Las Vegas Review-Journal, Las Vegas Review-Journal on

Published in Op Eds

Joe Biden famously ran a basement campaign during his successful 2020 presidential bid. But he emerged to participate in two debates with his opponent, Donald Trump. Will he agree to share the stage this fall? He’d better.

Last week, five major TV networks — ABC, CBS, NBC, CNN and Fox — sent a joint letter to Biden and Trump urging the two presumptive major party nominees “to publicly commit to participating in general election debates” leading up to the November election.

“General election debates have a rich tradition in our American democracy,” the group wrote. “There is simply no substitute for the candidates debating with each other, and before the American people, their visions for the future of our nation.”

The Commission on Presidential Debates — a vehicle that the Democratic and Republican parties created four decades ago to sponsor, produce and monopolize the presidential debates — has scheduled three such gatherings for Sept. 16, Oct. 1 and Oct. 9. But whether both candidates will show — and whether any third party hopefuls will be invited — remains unclear.
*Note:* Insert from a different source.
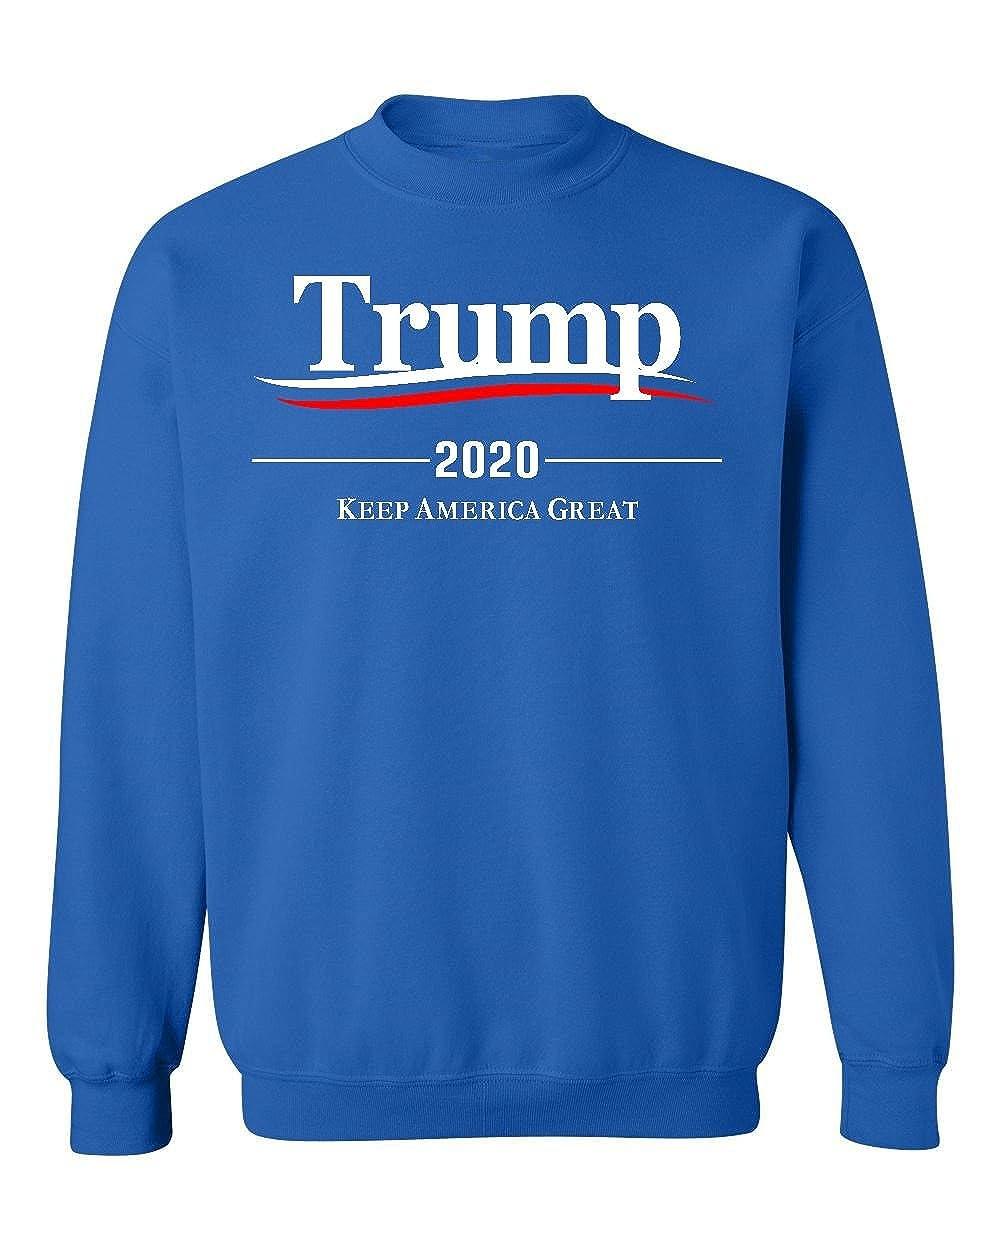 Promotion /& Beyond Trump 2020 Keep America Great Wavy Crewneck Sweatshirt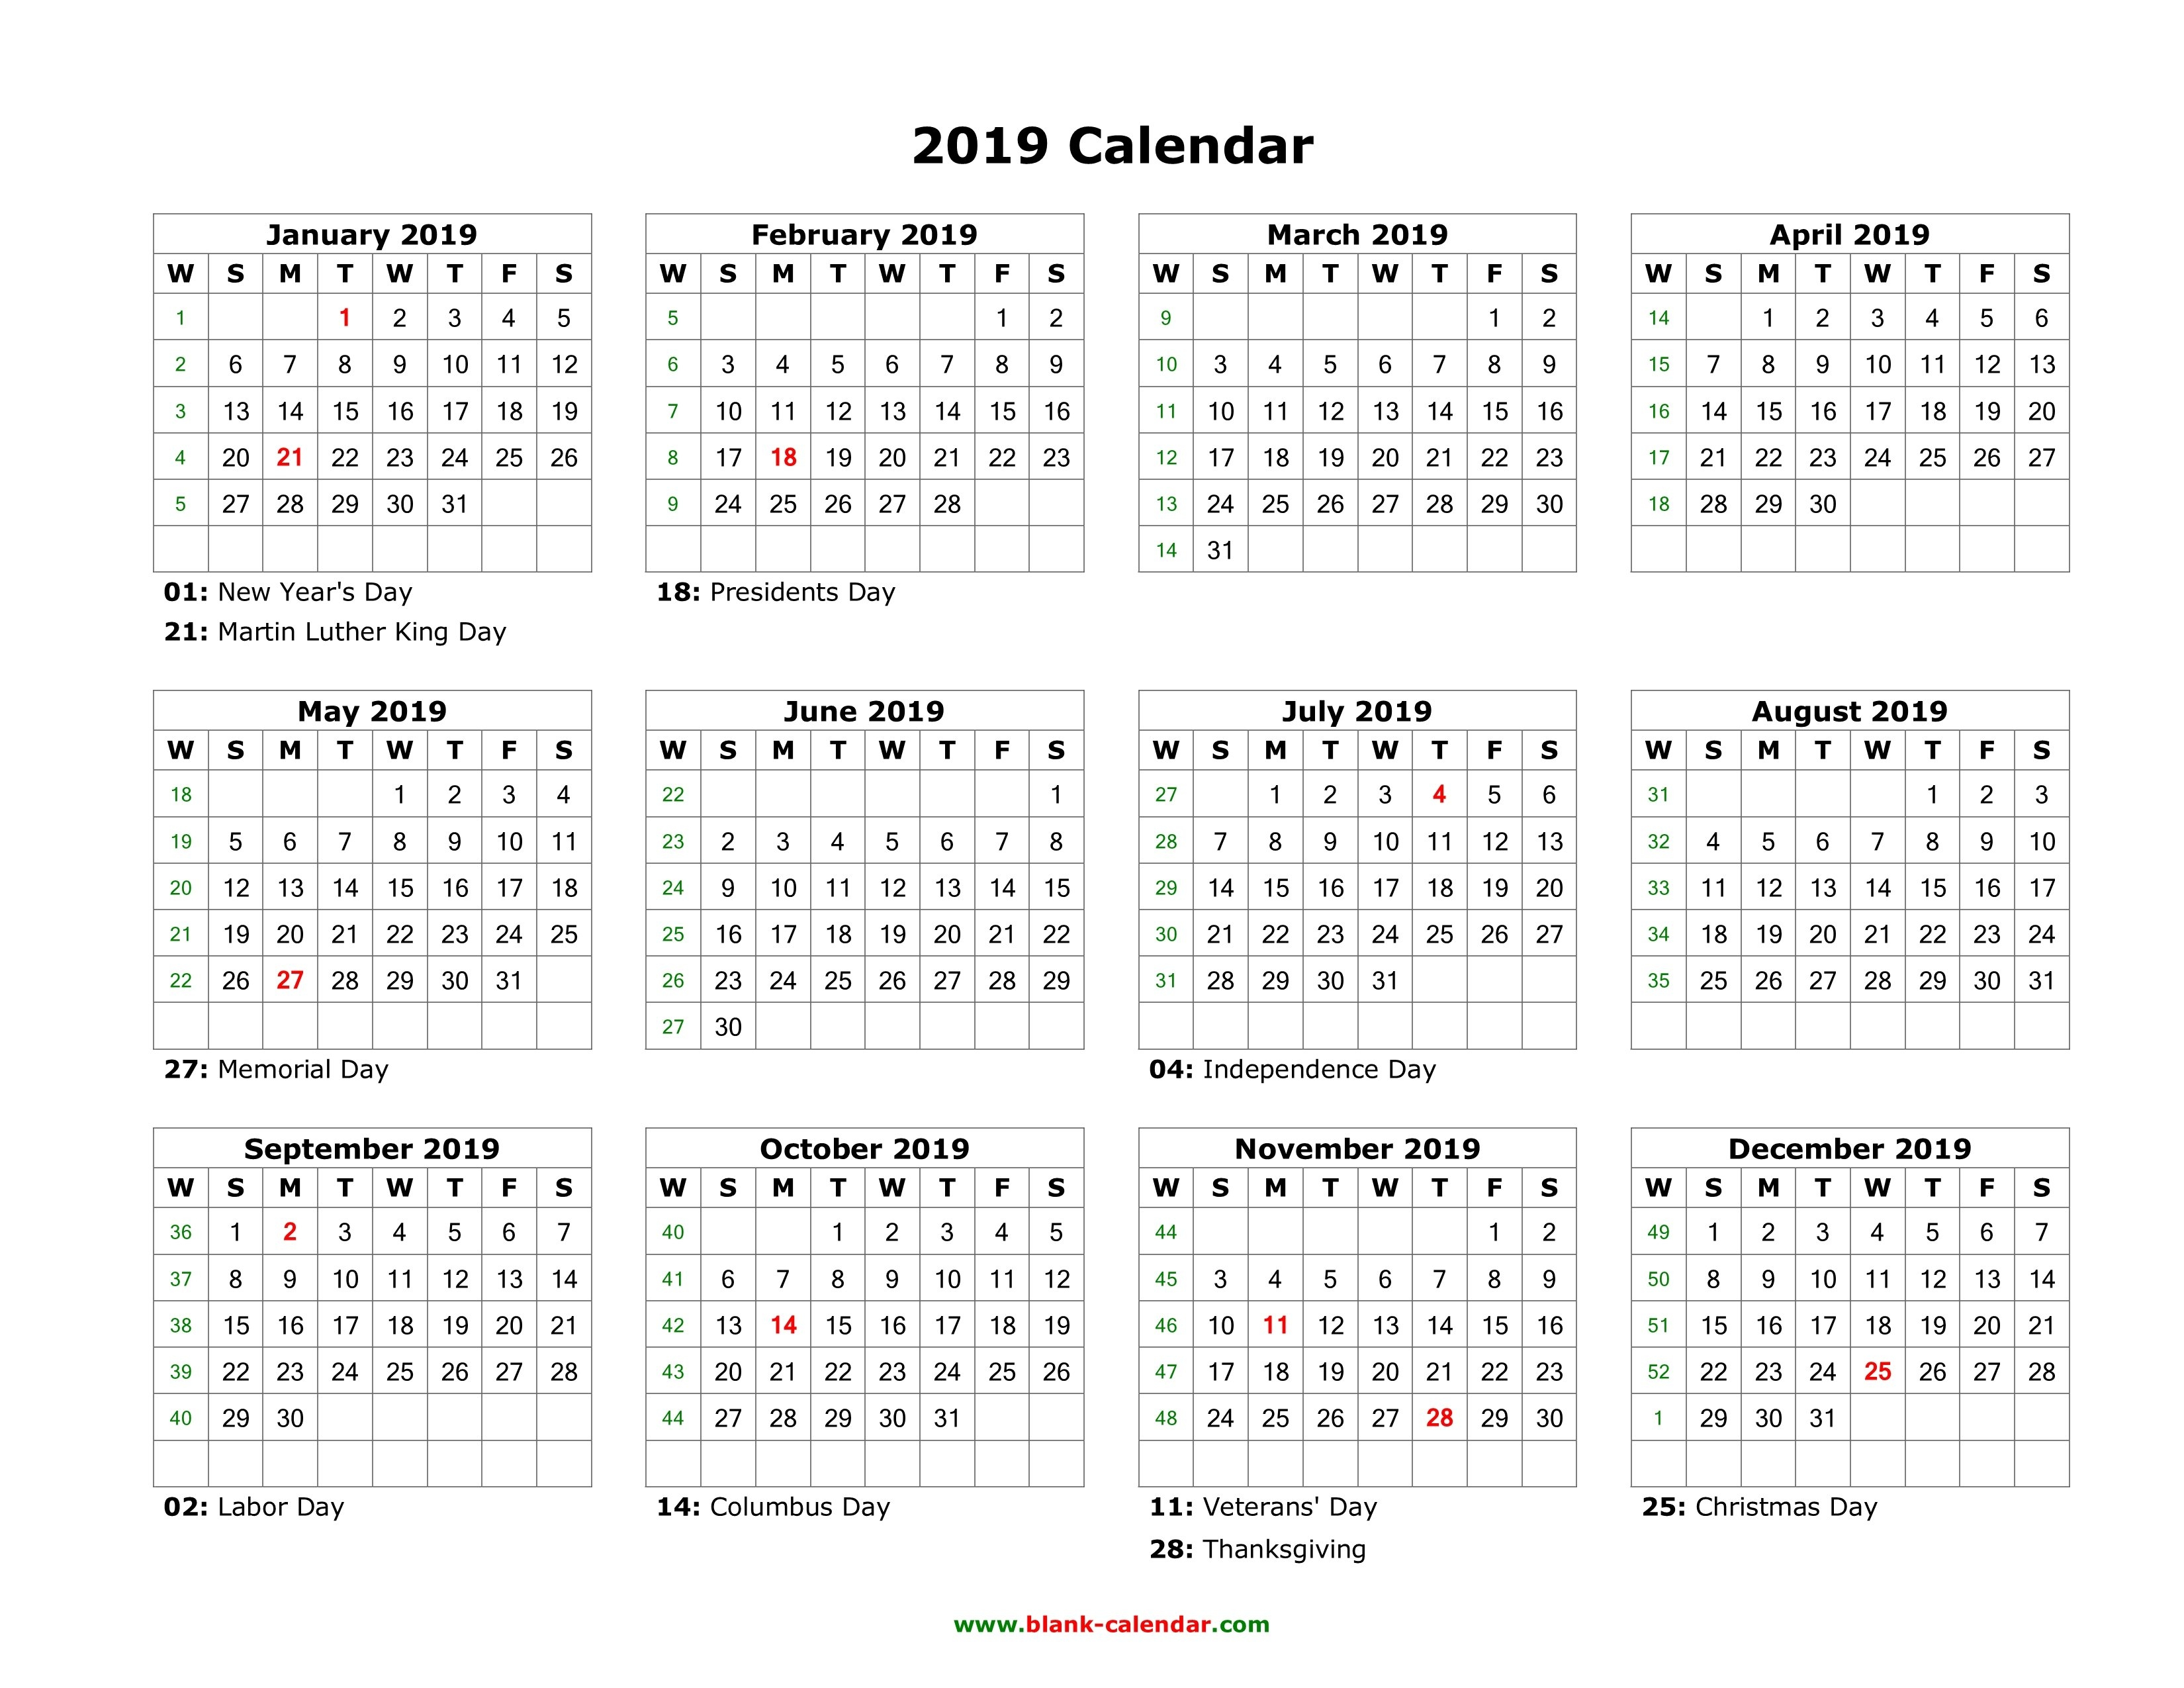 Blank Calendar 2019 | Free Download Calendar Templates Calendar 2019 Print Free

Trump, for his part, insists he’s rarin’ to go and will debate Biden “anytime, anywhere, anyplace.” If only he’d embraced the same attitude during the GOP primaries. Biden, meanwhile, has played it coy. In March, he told reporters that he was open to the idea, but that the decision to debate Trump “depends on his behavior,” whatever that means.


Critics have increasingly maintained that the debates — held in every presidential election year since 1976 — have outlived their usefulness and devolved into raucous shouting matches involving partisan talking points rather than thoughtful give-and-take. But this misses the point. Modern political campaigns now attempt to “control the message” through social media and interviews with friendly news outlets. Debates have become even more important because they help voters assess candidates in a more freewheeling environment.

Debates “introduce candidates to the public,” Jennifer Tiedemann, executive editor of Discourse magazine at George Mason University’s Mercatus Center, noted in a January op-ed for The Hill. “They allow voters to size up candidates and compare ideas, issue stances, personalities and temperaments with the goal of helping them make informed decisions at the ballot box.”

Biden is the president of the United States. “More than any president in recent memory, Biden, 80, has taken steps to reduce opportunities for journalists to question him in forums where he can offer unscripted answers and they can follow up,” The New York Times reported last year. Questions about his mental acuity hang over his re-election. He owes it to the American people to commit to the debate process, no strings attached.